I am trying to build a tf.data.Dataset
pipeline that reads 16 tab separated .gzip
files which include a sentence, a useless file indicator, and a label. I'd like to apply a tokenizer to the first axis of the dataset only. Additionally, I'd love to drop the middle axis
Here is my code:
ds = tf.data.Dataset.list_files("references/reads/*.txt.gz")
ds = tf.data.TextLineDataset(filenames=ds, compression_type="GZIP", num_parallel_reads=tf.data.experimental.AUTOTUNE)
ds = ds.map(lambda x: tf.strings.split(x, "\t"), num_parallel_calls=tf.data.experimental.AUTOTUNE)
Here is the data:
>>> [print(a) for a in ds.take(2)]
tf.Tensor([b'Happy little sentence.' b'Useless Text' b'Label'], shape=(3,), dtype=string)
I'd like to apply my tokenizer to only the first axis of the tensor ('Happy little sentence.')

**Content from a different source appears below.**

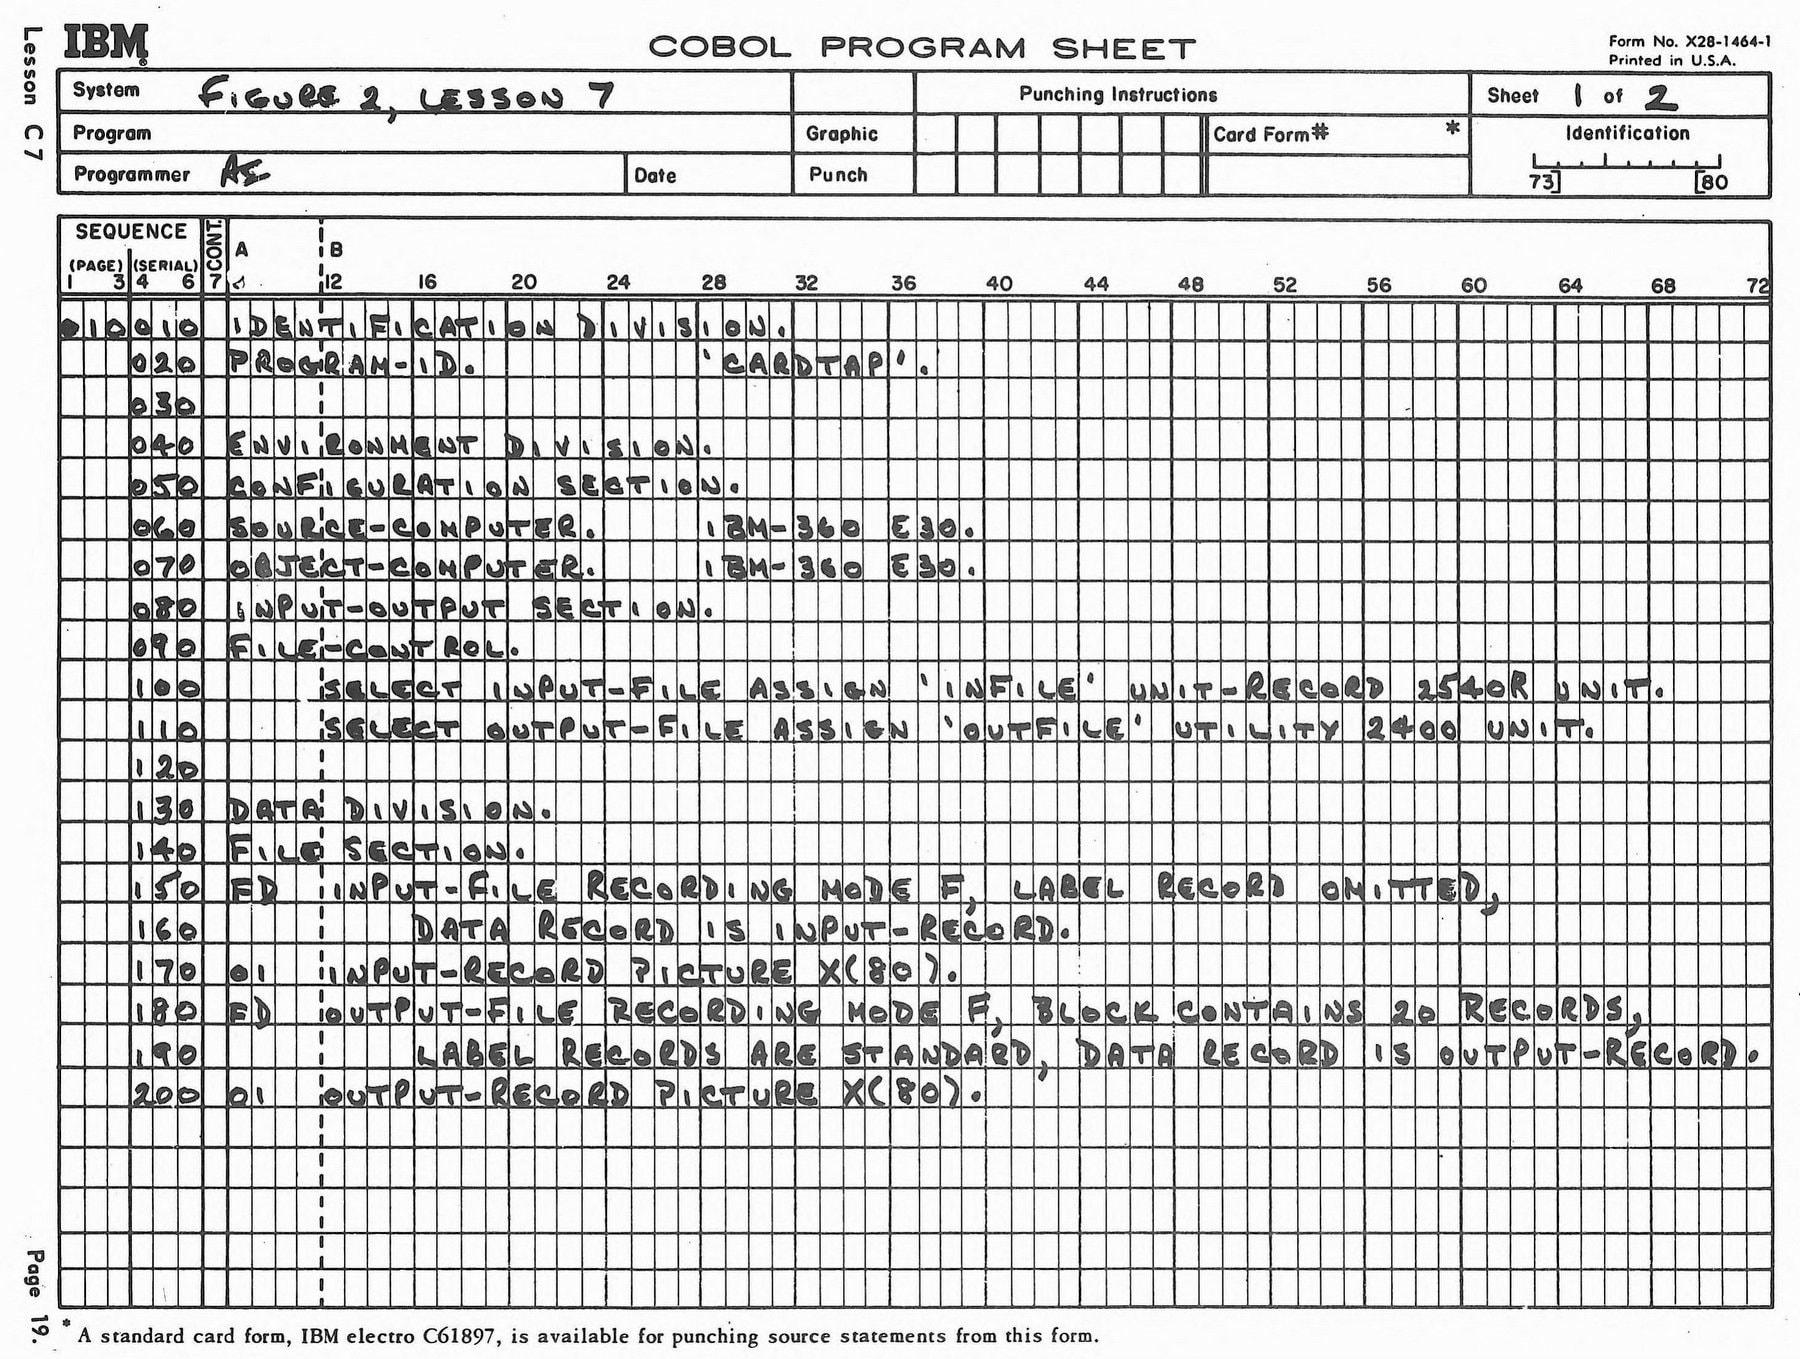 Vintage 60s COBOL computer programming sheets (1)

Bonus points if I can delete 'Useless Text'
. Here has been my unsuccessful approach:
with open('my_tokenizer.model', 'rb') as f_in:
model = f_in.read()
s = text.SentencepieceTokenizer(model=model)
ds = ds.map(lambda x: s.tokenize(x), num_parallel_calls=tf.data.experimental.AUTOTUNE)
This tokenizes everything!